04 ∙ Terms of Service Sharing
Enabled users to share the Terms of Service link with coworkers, allowing teams to review and approve the contract even when the user initiating sign-up cannot sign on their own.
MVP Launch

✅ In-app company account setup completed entirely by the customer
✅ Payment Invite CTA allowing the customer to invite a coworker to enter payment details

✅ Asynchronous To-Dos so customers and their team can complete required steps in any order
Key Learnings
Document key decisions. When the project switched PMs, gaps in documentation caused confusion around why certain requirements existed. Clear notes and rationale really help keep everyone aligned.
Think about the whole ecosystem. We didn’t realize at first that the homepage needed updates for the flow to work smoothly — mapping all touchpoints upfront is crucial.
Check operational constraints early. Last-minute ops decisions impacted the Terms of Service step and company info step, highlighting the importance of confirming cross-team processes early.

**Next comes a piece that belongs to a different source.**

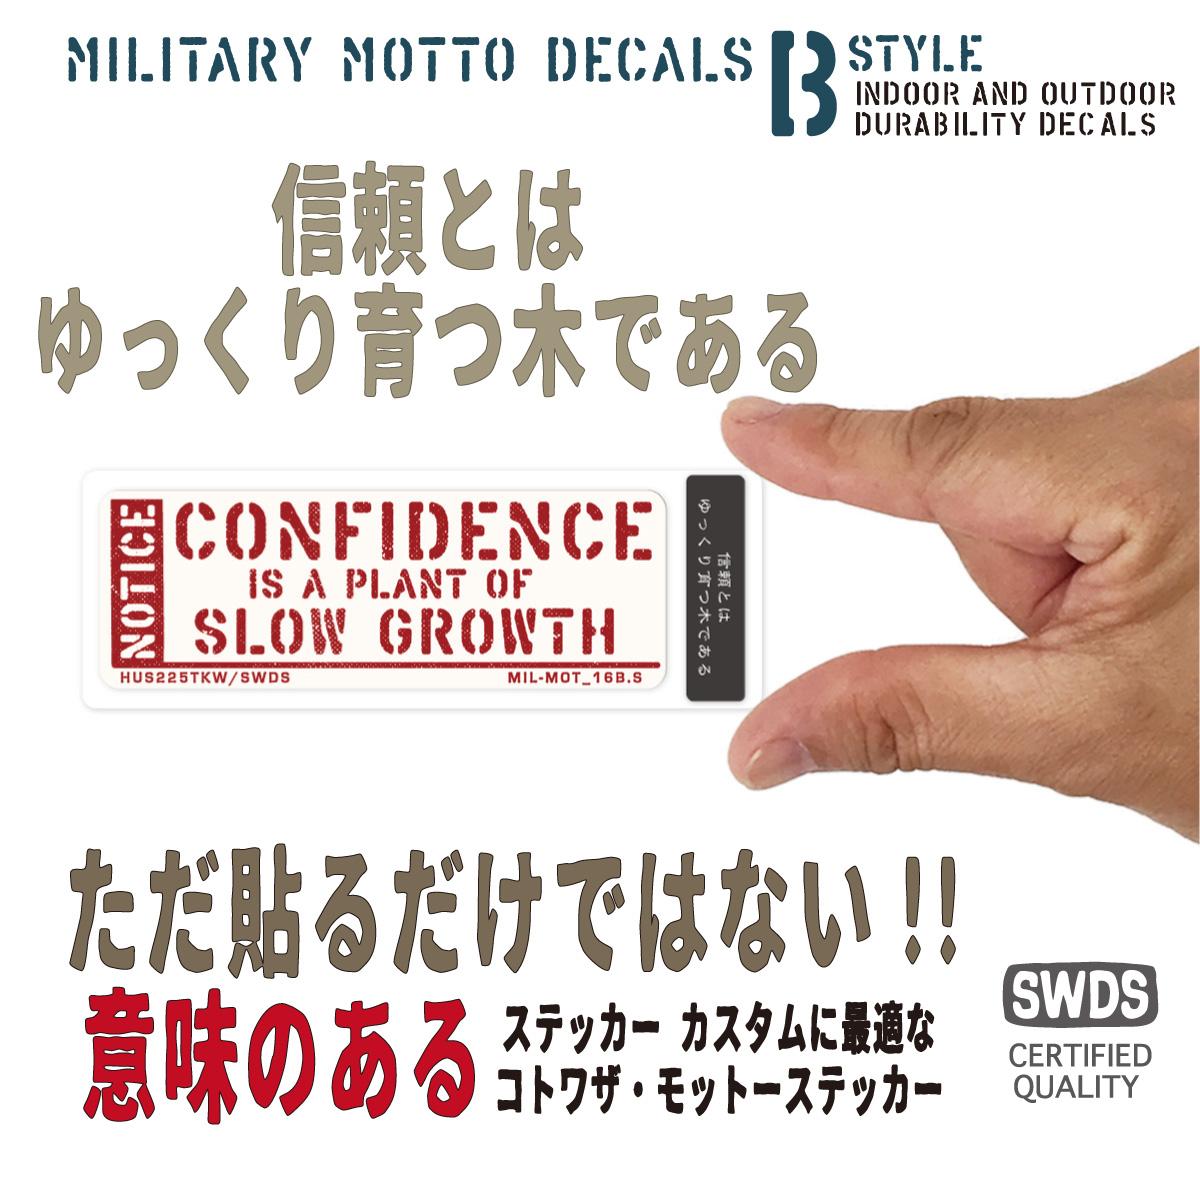 MIL-MOTB-S-016S

This project reinforced the importance of involving the right stakeholders early and mapping all touchpoints to avoid gaps in the user experience. Clear documentation and rationale are essential, especially when projects face delays or team changes, as they help keep everyone aligned. We also learned to confirm operational processes upfront and plan for dependencies, so last-minute surprises don’t derail the flow.